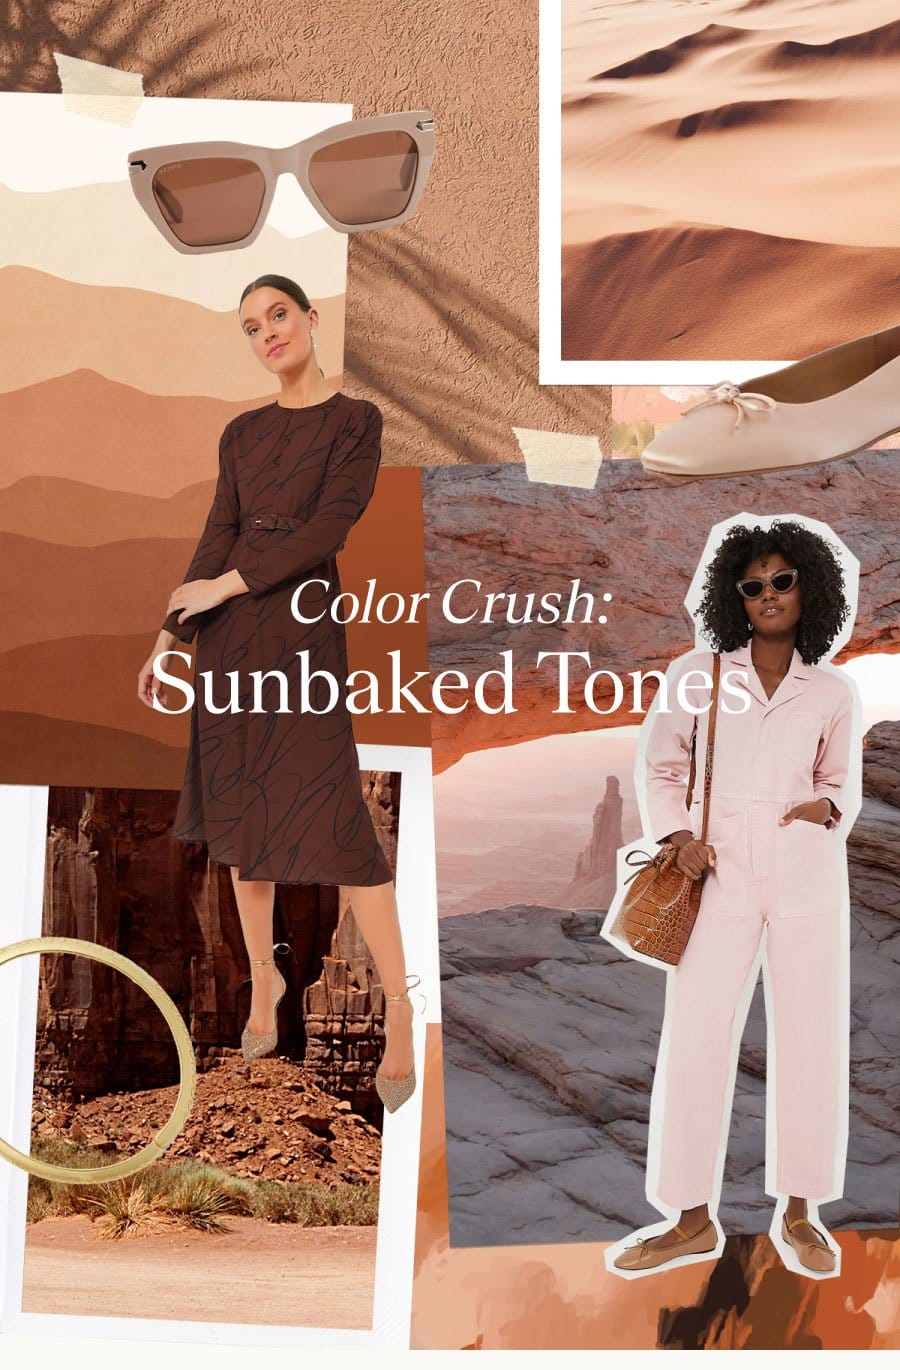 COLOR CRUSH SUNBAKED TONES
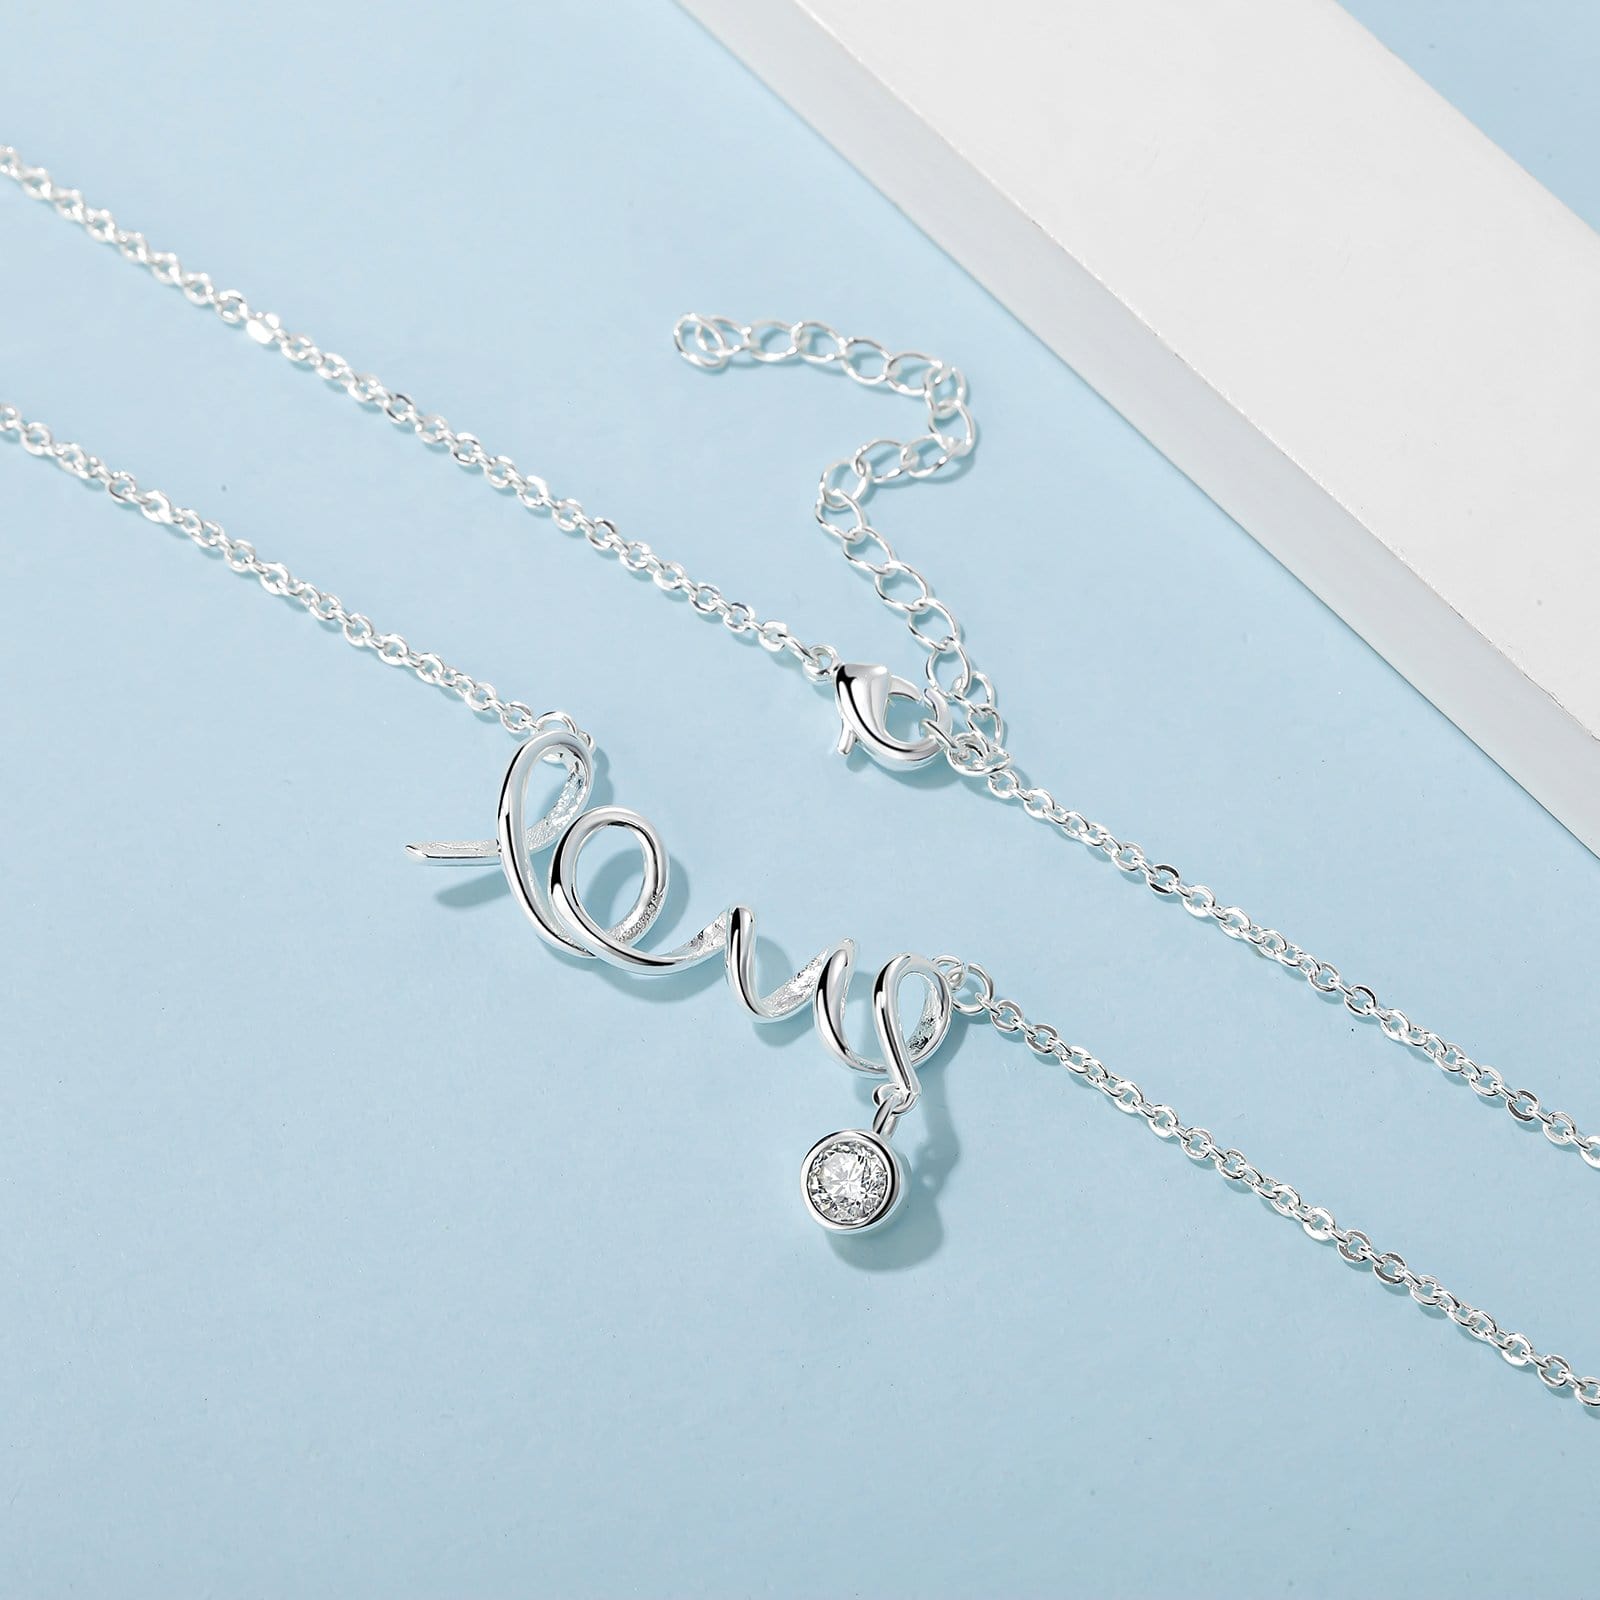 Necklaces To My Wife - I Love You Always Love Pendant Necklace GiveMe-Gifts
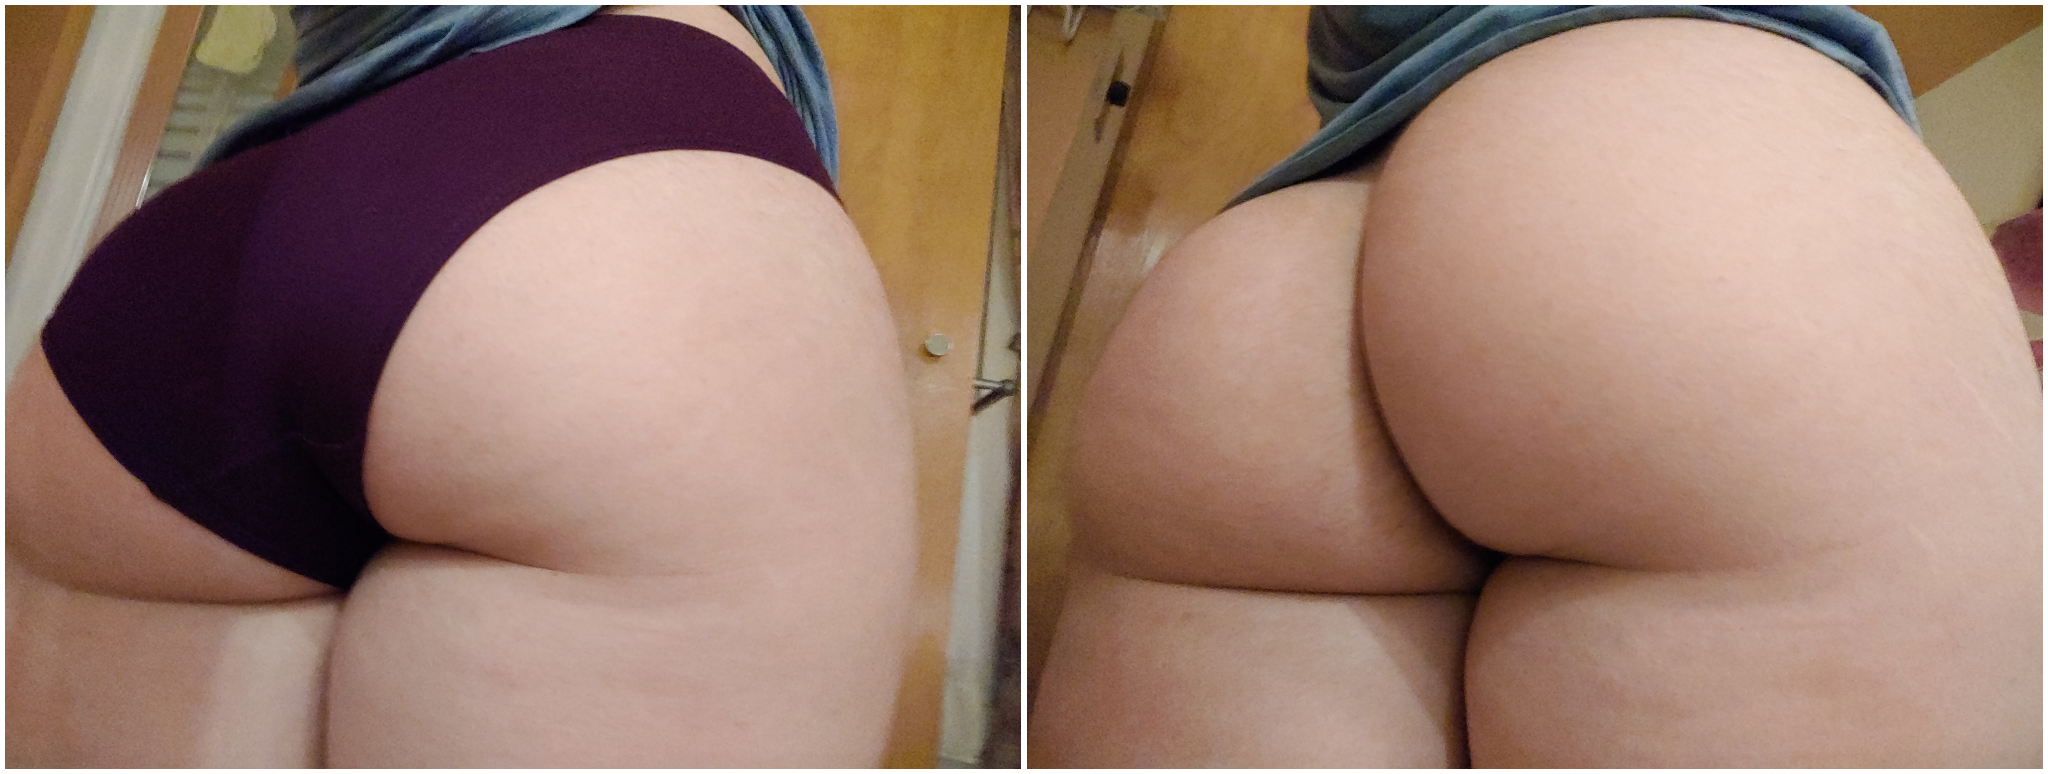 I'm too new to reddit so it won't let me post on r/onof(f20), instead you'll be the lucky ones to see my cute butt 
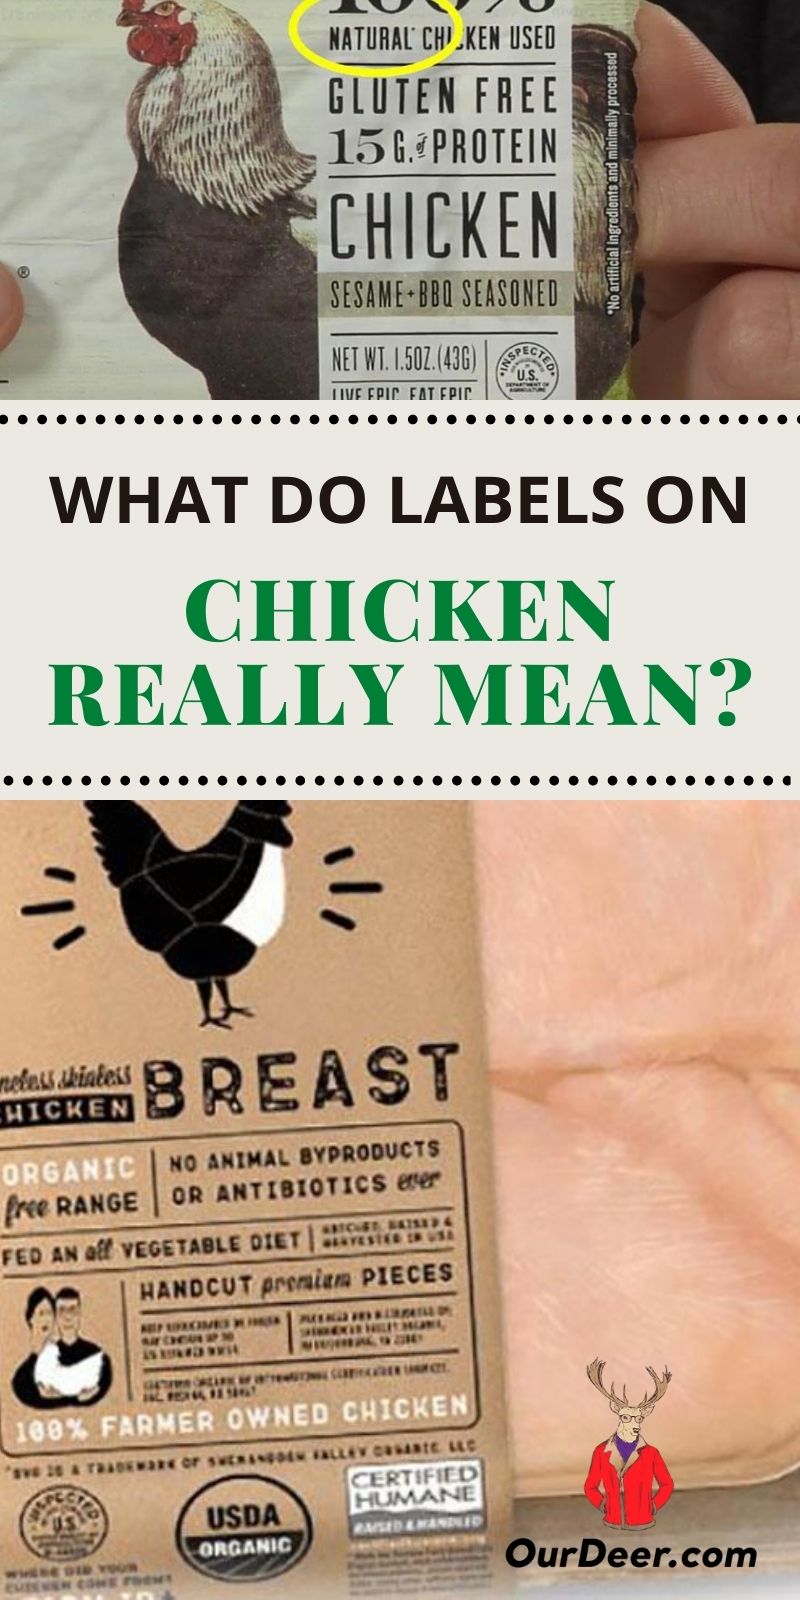 Labels on Chicken Really Mean

#### [Work instruction]
What's needed is every line above, retyped exactly and free of pictures.

#### [Exercise solution]
 COLOR CRUSH SUNBAKED TONES
 Necklaces To My Wife - I Love You Always Love Pendant Necklace GiveMe-Gifts
 I'm too new to reddit so it won't let me post on r/onof(f20), instead you'll be the lucky ones to see my cute butt 
 Labels on Chicken Really Mean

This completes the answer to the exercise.